Let $L$ be an exact Lagrangian submanifold of a cotangent bundle $T^{*} M$ , asymptotic to a Legendrian submanifold $Λ \subset T^{\infty} M$ . We study a locally constant sheaf of $\infty$ -categories on $L$ , called the sheaf of brane structures or ${Brane}_{L}$ . Its fiber is the $\infty$ -category of spectra, and we construct a Hamiltonian invariant, fully faithful functor from $Γ (L, {Brane}_{L})$ to the $\infty$ -category of sheaves of spectra on $M$ with singular support in $Λ$ .

Abstract Image

查看原文

微信好友朋友圈 QQ好友复制链接

本刊更多论文

微局域剪切理论中的线性结构

让 L$L$ 成为共切束 T∗M$T^* M$ 的精确拉格朗日子平面，渐近于 Legendrian 子平面Λ⊂T∞M$\Lambda \subset T^{\infty } M$ 。
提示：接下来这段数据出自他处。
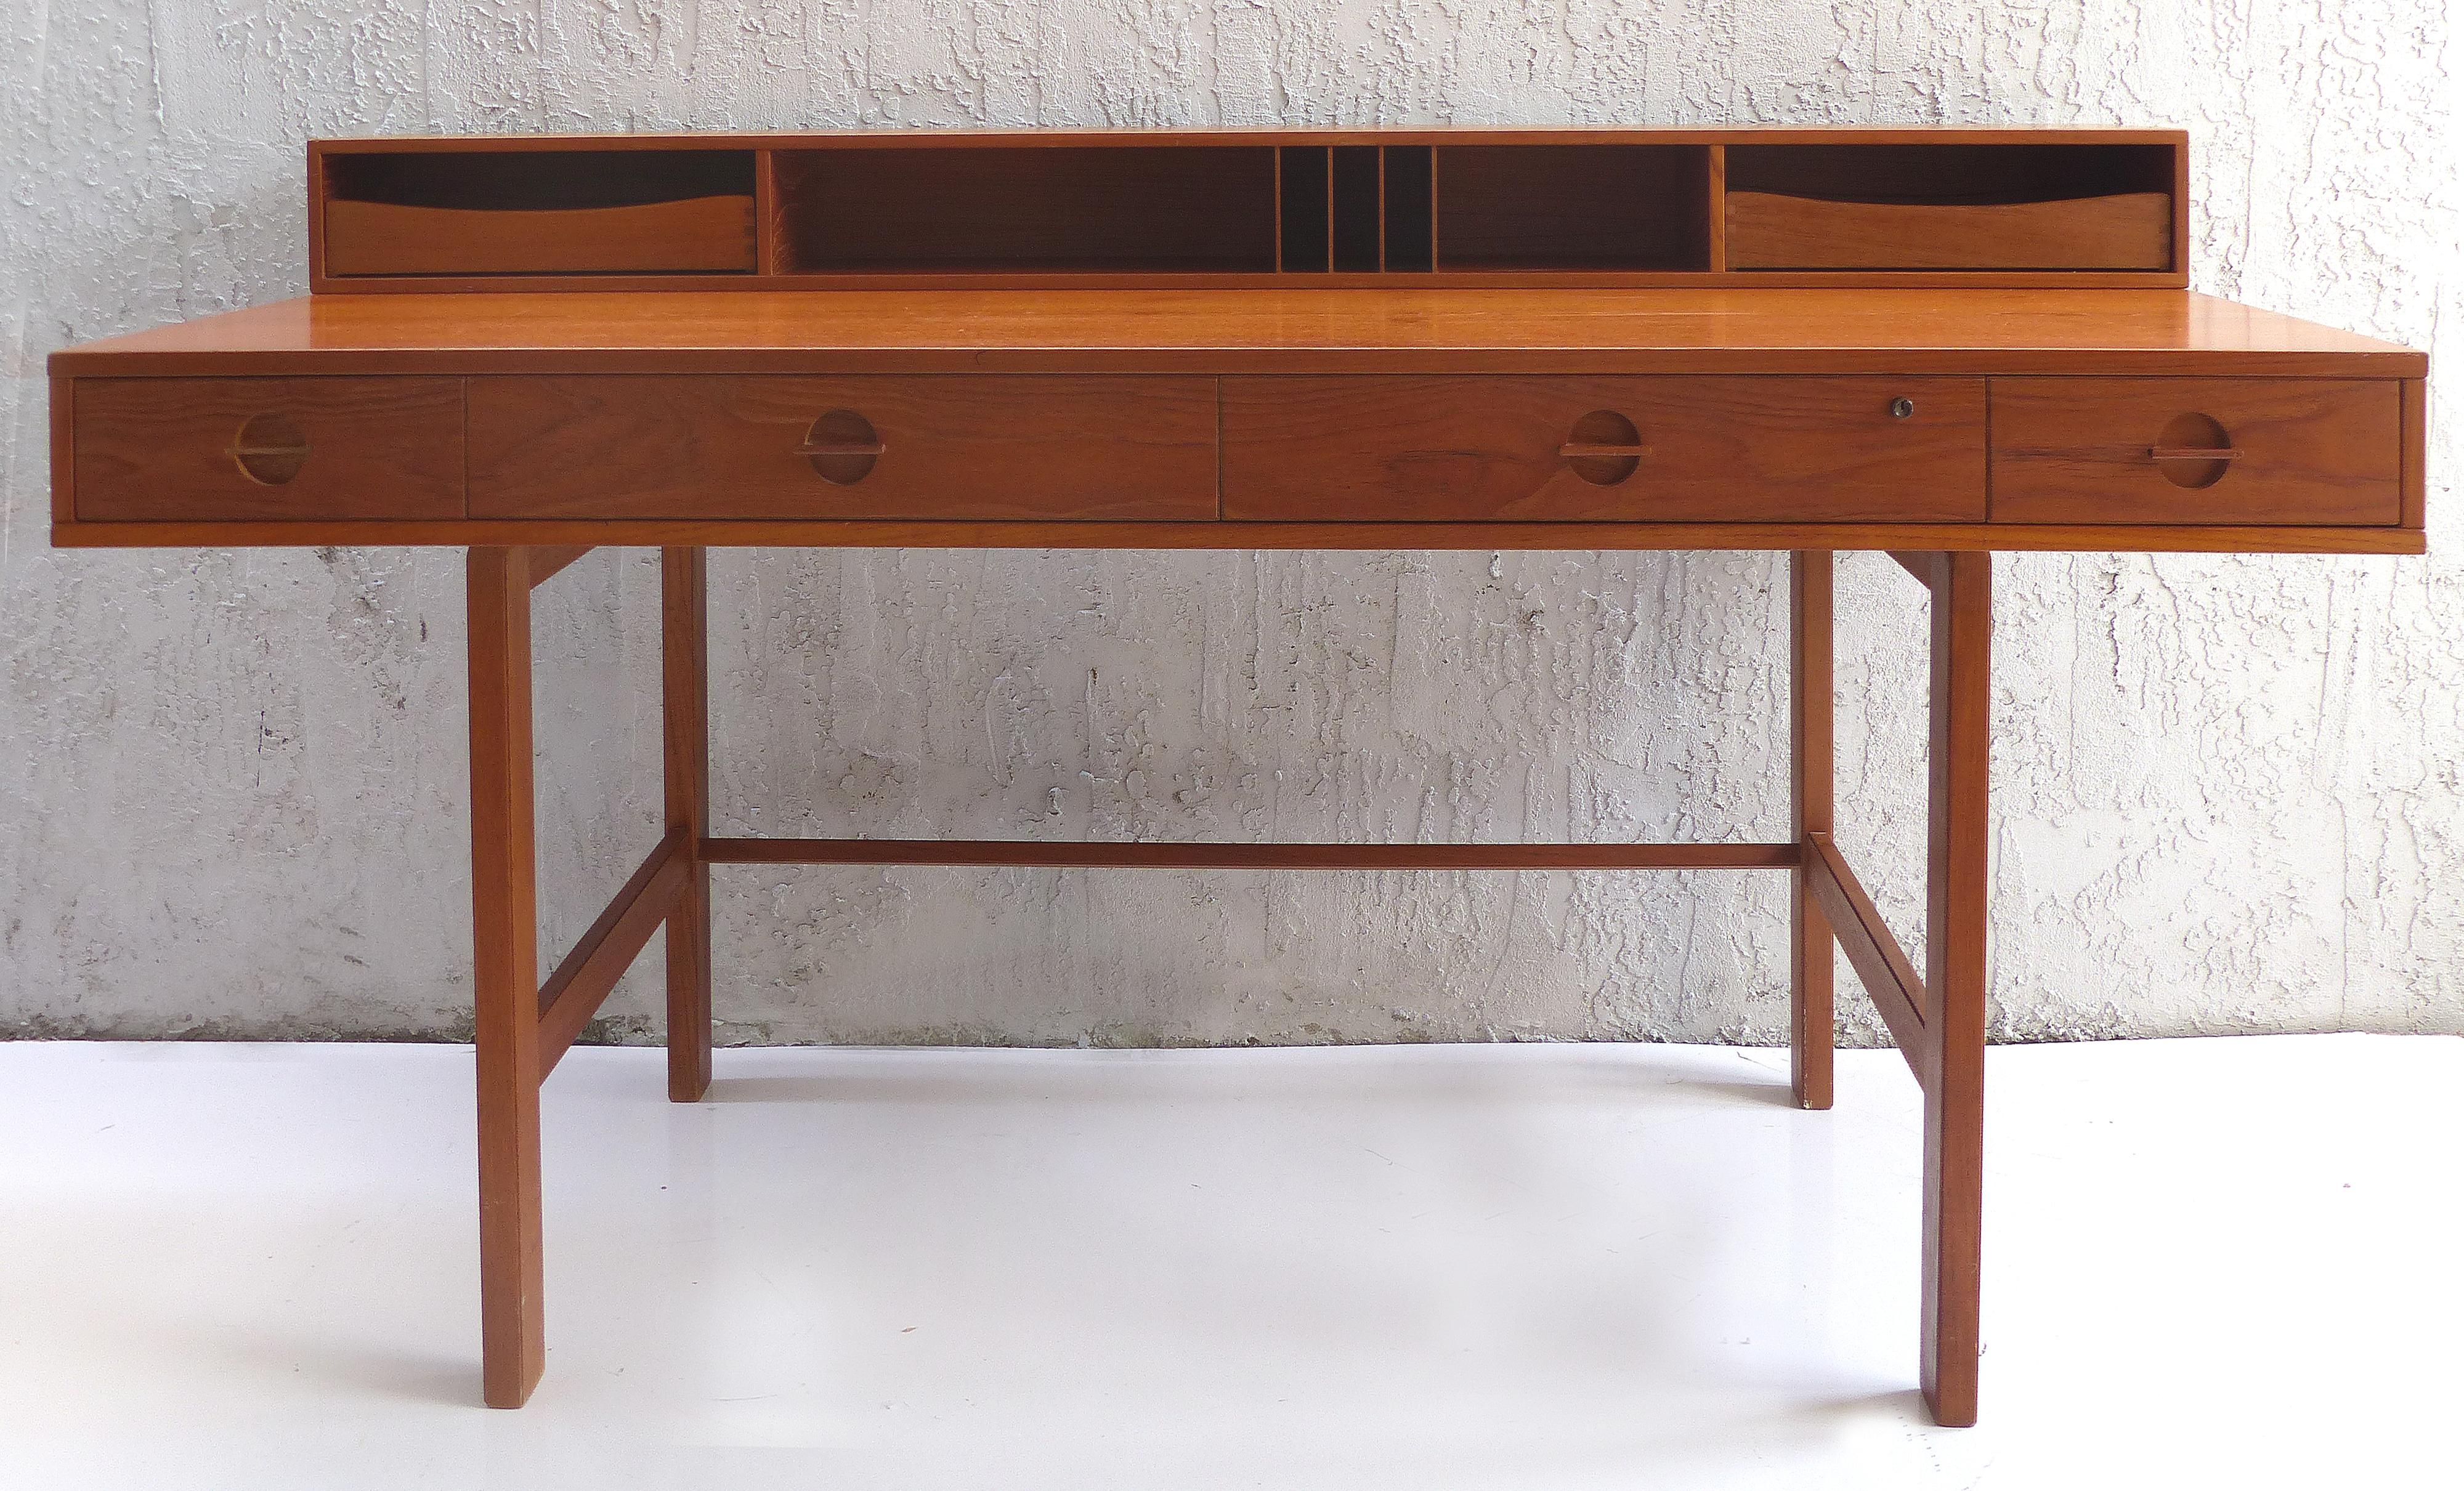 Offered for sale is an iconic Danish modern teak desk by Jens Quistgaard of Dansk for Peter Løvig Nielsen. The desk offers a very practical hinged gallery to top that flips down to expand into a partner's desk or extended work surface. Measure:

M$.我们研究的是 L$L$ 上的∞$\infty$-类的局部常数层，称为 "蝶恋花结构层 "或 "BraneL$\mathrm{Brane}_L$"。它的纤维是光谱的∞$infty$类别，我们构建了一个从Γ(L,BraneL)$\Gamma (L,\mathrm{Brane}_L)$到 M$M$ 上具有Λ$Lambda$奇异支持的光谱剪切的∞$infty$类别的哈密顿不变全忠函数。

本文章由计算机程序翻译，如有差异，请以英文原文为准。

求助全文

约1分钟内获得全文去求助

来源期刊

Journal of Topology 数学-数学

CiteScore

2.00

自引率

9.10%

发文量

审稿时长

>12 weeks

期刊介绍： The Journal of Topology publishes papers of high quality and significance in topology, geometry and adjacent areas of mathematics. Interesting, important and often unexpected links connect topology and geometry with many other parts of mathematics, and the editors welcome submissions on exciting new advances concerning such links, as well as those in the core subject areas of the journal. The Journal of Topology was founded in 2008. It is published quarterly with articles published individually online prior to appearing in a printed issue.